Volcanism is a natural phenomenon, according to which the interior hot material of earth’s asthenospher (one of earth’s layers, which forms upper mantle) is extruded out through a vent. Volcanism develops a couple of landforms. Apart from landform formation there are some other phenomena associated with volcanism. Hot springs, fumaroles, and sometimes geysers are found in volcanic regions.

Hot springs: Hot springs are commonly found associated with volcanic activity of recent date. Surface water that penetrates the ground may be heated either by contact with hot rocks or by gaseous emanations from the volcanic rocks. When it remerges on the surface, it gives rise to hot springs.

Hot water springs

Fumeroles: When jets of steam and hot gases are discharged from a volcanic vent, it is called a fumarole. Solfatars are the fumaroles emitting mainly sulfurous gases. Fumaroles often deposit solid minerals (volcanic sublimate) near the vent. Deposits of native sulfur, realgar, and orpiment may form in this way.

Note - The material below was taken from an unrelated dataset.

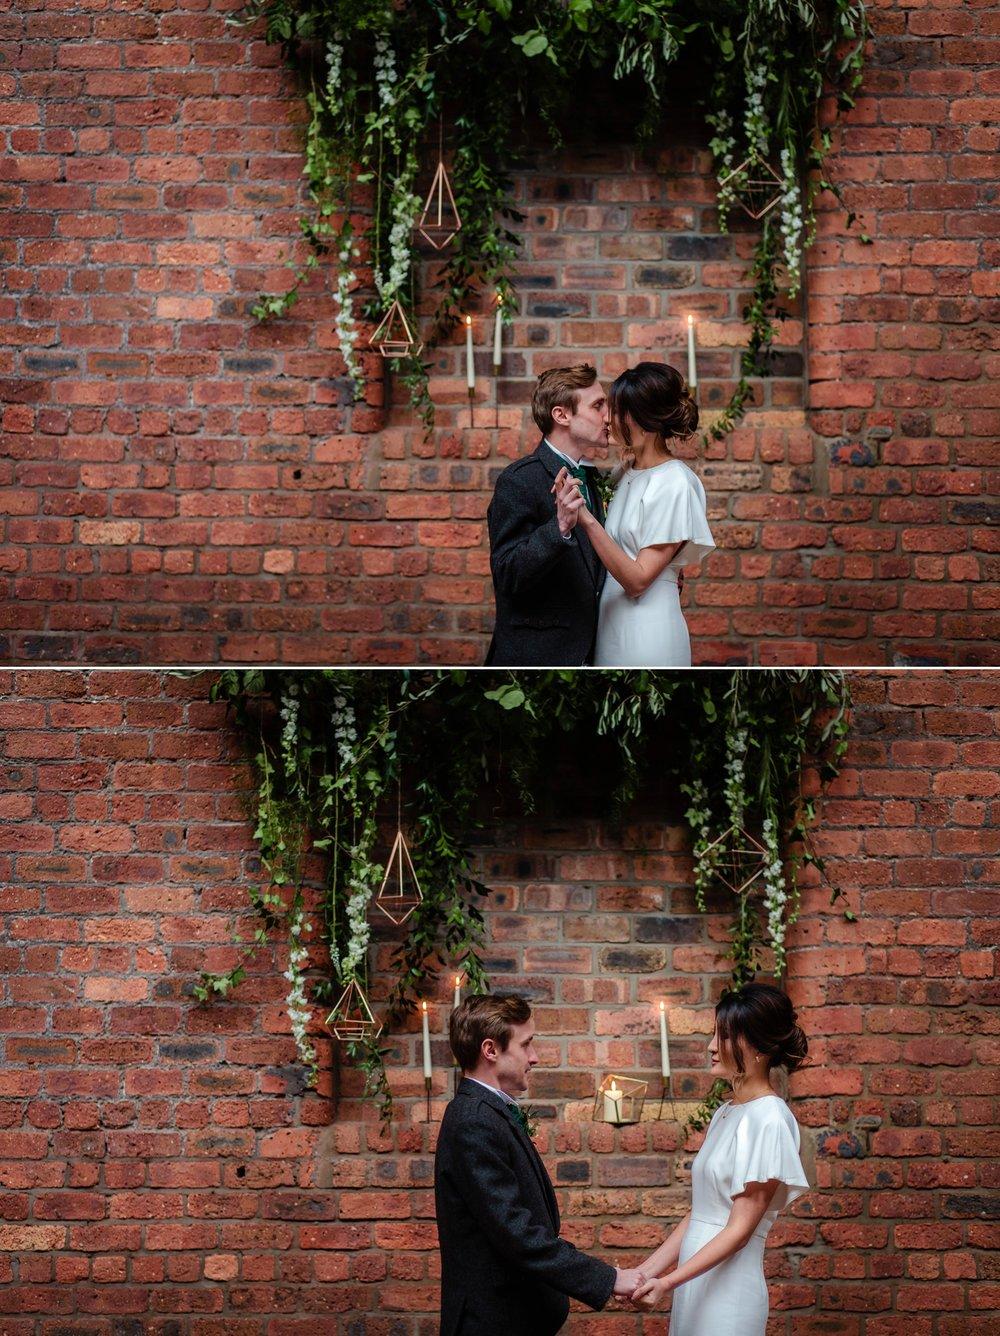 engine-works-wedding-styled-shoot-fotomaki-photography-68.jpg
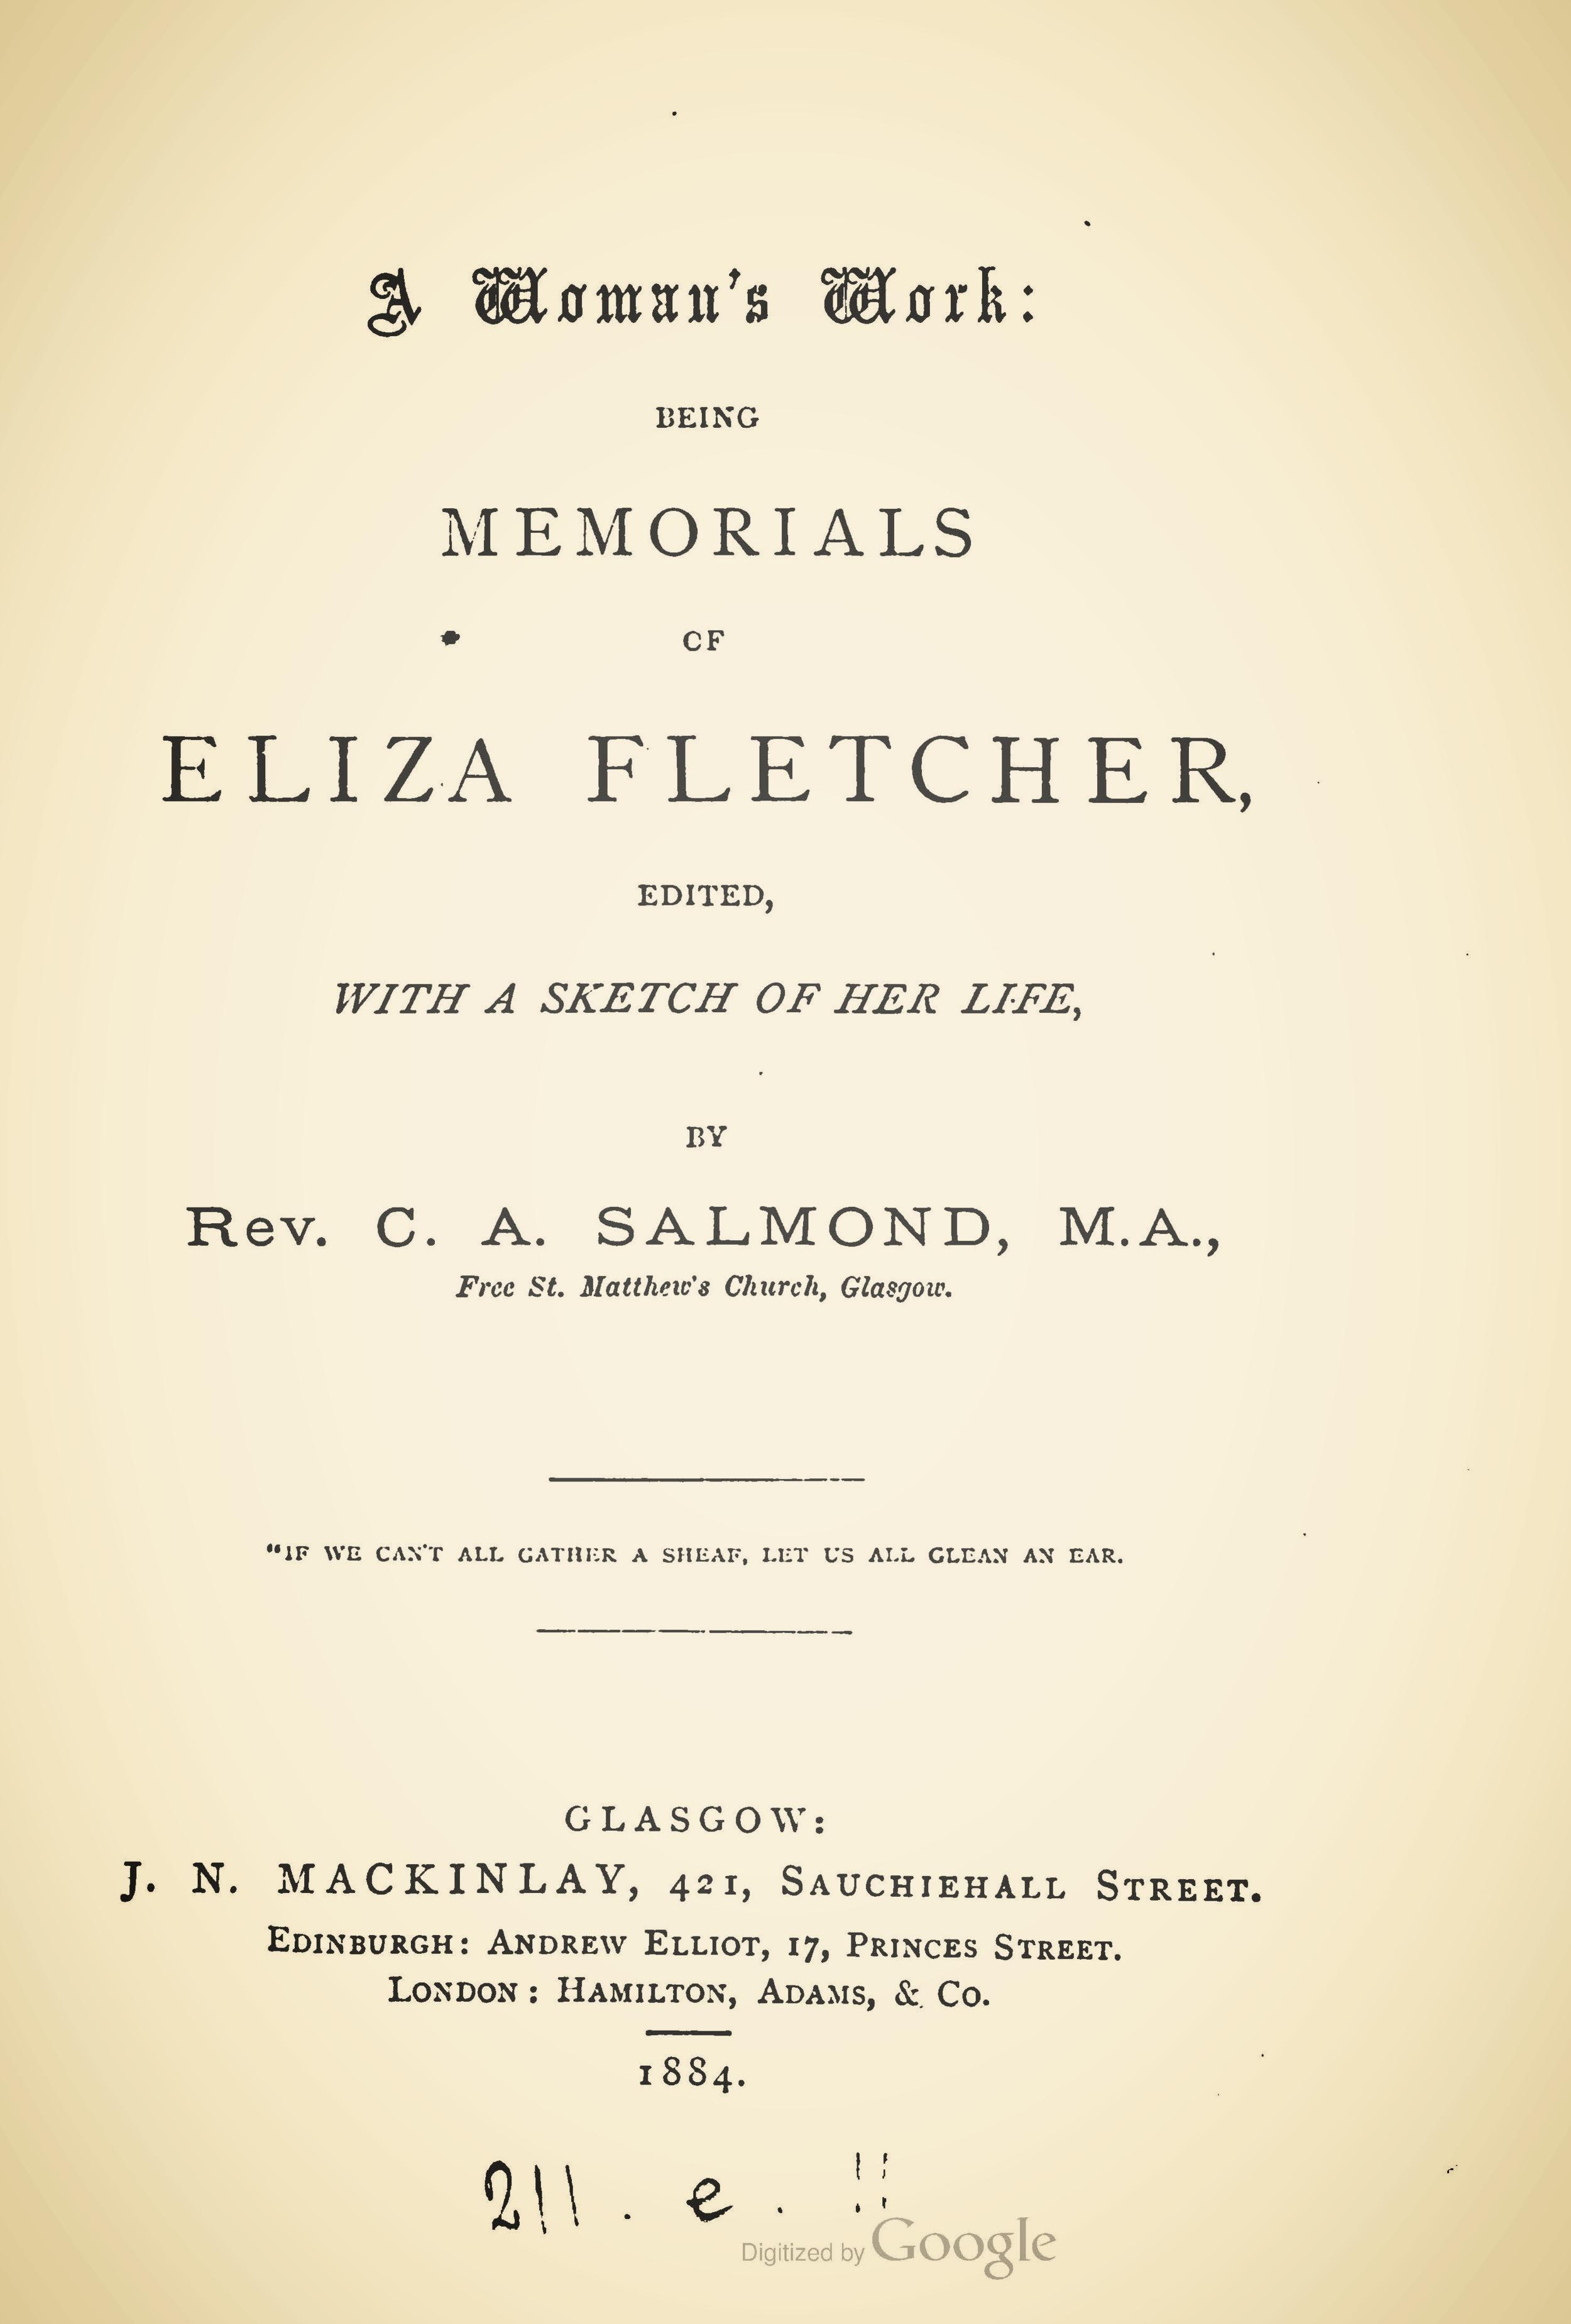 Salmond, Charles Adamson, A Womans Work Memorials of Eliza Fletcher Title Page.jpg

Geysers: Fountains of hot water ejected periodically are called ”geysers”. Geysers often rise to heights of 30-60 meters. After the jet of water ceases, a column of steam rushes out, usually with a thundering roar. On of the best-known geyser areas in the world is Yellowstone National Park (USA). Geysers are also found in other parts of the world, including New Zealand and Iceland. The siliceous deposits formed around geysers are known as ”geyserites”.


Mud volcanoes: In this case, hydrocarbon gases, muddy saline water, and some traces of petroleum are discharge from cones of dried mud. Mud volcanoes usually occur near oil fields and they do not appear to show any connection with the actual volcanic activity.